The appointment came despite the fact that Hook had opposed Trump’s exit from the 2015 nuclear agreement with Iran.
In a report on August 10, Daily Wire reported that Hook is considered by Trump loyalists to be "never Trump" because he was closely aligned with officials who were highly critical of Trump's policies during the 2016 presidential campaign.
Hook has been leading the State Department’s talks with allies in Europe and Asia to persuade them to support US sanctions and cut off Iran’s oil supplies as of November.
“The Iran Action Group will be responsible for directing, reviewing and coordinating all aspects of the State Department’s Iran-related activity, and will report directly to me,” Reuters quoted Pompeo as saying.
Hook, who was a close adviser to former Secretary of State Rex Tillerson, worked with US national security advisor John Bolton on Iran sanctions while Bolton was the US Ambassador to the United Nations under Republican President George W. Bush.

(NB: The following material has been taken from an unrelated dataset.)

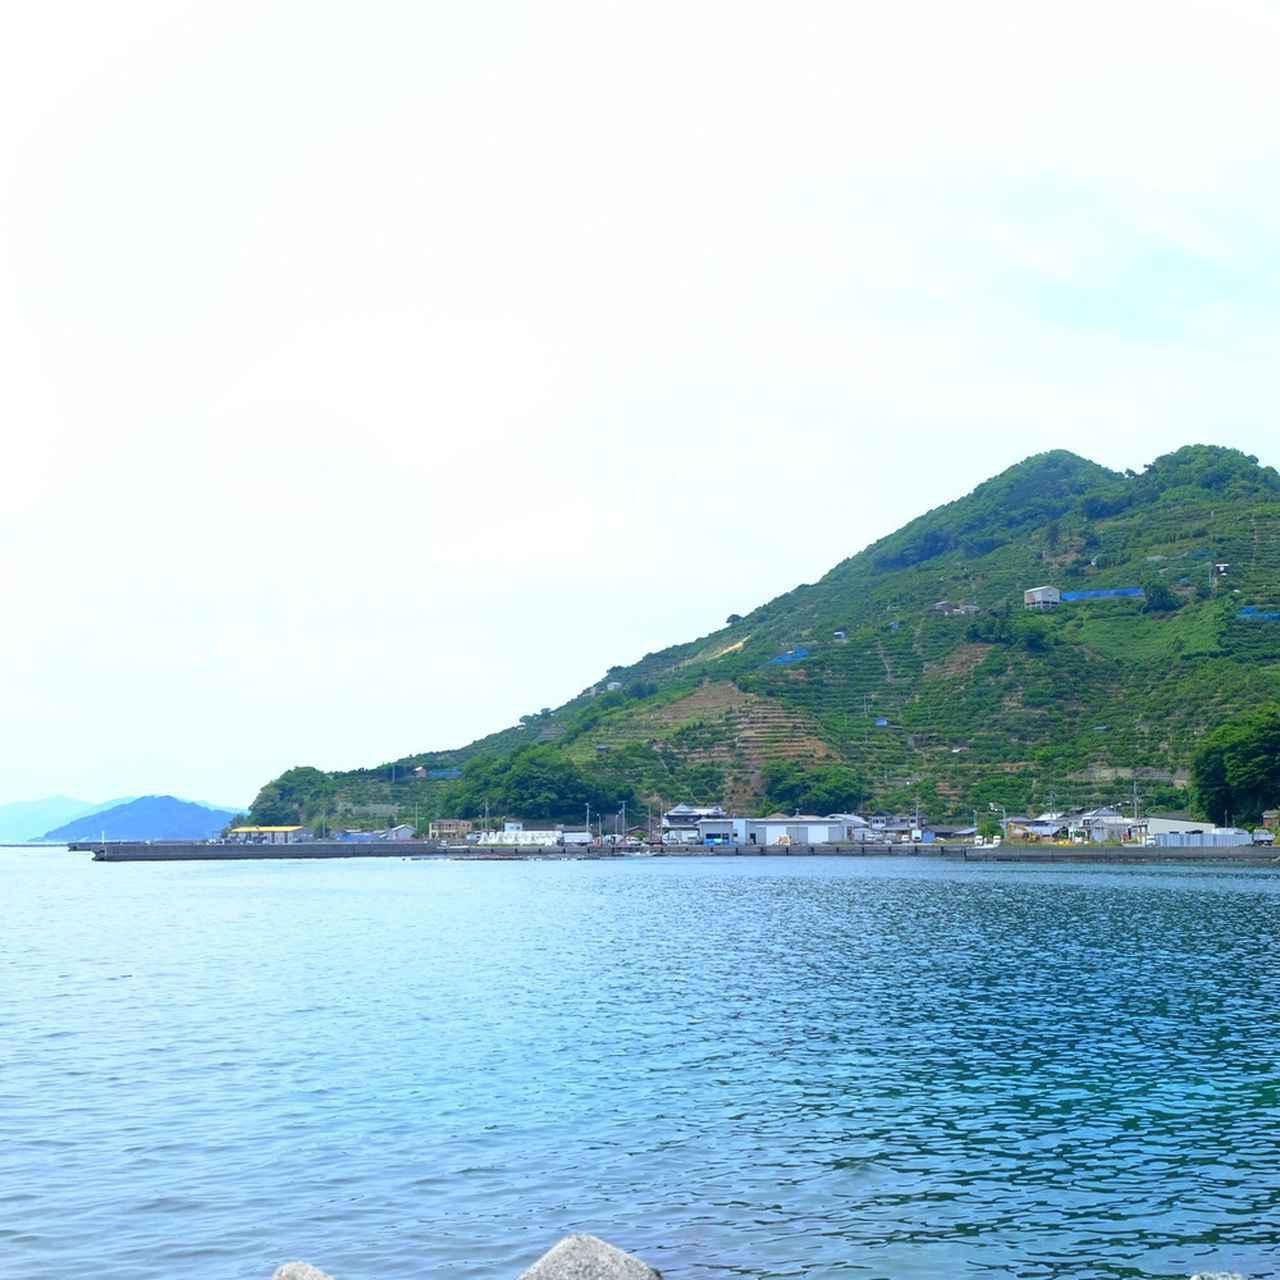 画像: 遠目に見るとこんな感じです。海はきれいだし緑は濃くて癒される景色でした。

He also served as an assistant secretary of state during the Bush administration and was an adviser to the Republican presidential campaigns of Mitt Romney and Tim Pawlenty.

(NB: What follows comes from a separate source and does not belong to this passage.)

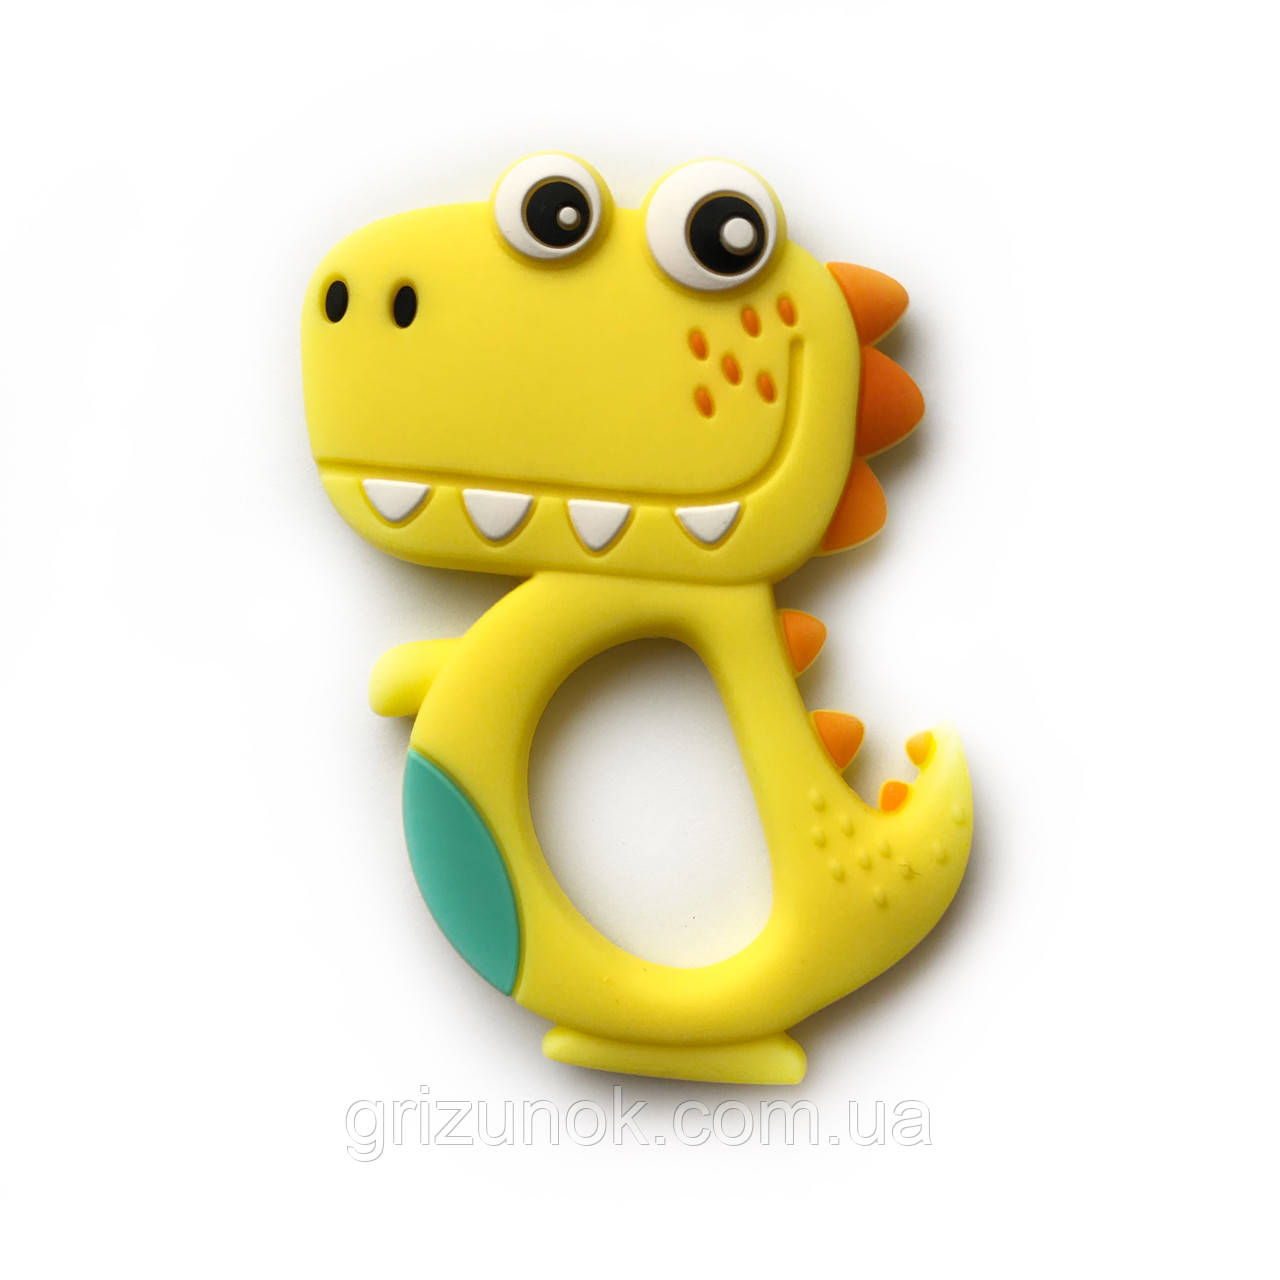 Динозавр новый (желтый)

According to Foreign Policy, for over a year, Hook was one of the most powerful behind-the-scenes officials at the State Department. He was one of Tillerson’s closest confidants, as career diplomats were shut out of policy deliberations and senior State Department posts went unfilled.
Tillerson’s unceremonious sacking via Twitter earlier this year was accompanied by other dismissals and resignations among senior appointees and secretary staff. But Hook survived the purge and helped shepherd Pompeo through a contentious confirmation process on Capitol Hill.
Some analysts view the announcement as more symbolism than substance. “There were no new resources, no new strategy, and no new authorities announced [for the action group],” said Brett Bruen, a former US diplomat who now runs the Global Situation Room, a Washington consulting firm.
“Instead, it should be interpreted as a typical Washington move to create the appearance of action by putting in the title,” Bruen added.
Dennis Ross, a former US official in Democratic and Republican administrations, also said Hook’s new post might be a bureaucratic maneuver.
“It creates an address within the administration for ... making the approach a more coherent one, with someone being given broader responsibility across departments to try to shape the policy,” said Ross, now a fellow at the Washington Institute for Near East Policy think tank. “At least that would be theory.” However, some other analysts say since Trump shows no tolerance toward his opponents, the new mandate given to Hook is “strange”. They say the appointment on the anniversary of the 1953 coup shows neocons are firm to heighten economic and diplomatic pressure on Iran.
They are of the opinion that for Washington “regime change” is given priority over “change of behavior”. To back their argument, they say no matter a ruling system is despotic or not but if it bows down to wishes of Washington it is rewarded. On the contrary, they say, if a government, no matter how much popular and democratic it is, it is branded as renegade and its system should be changed.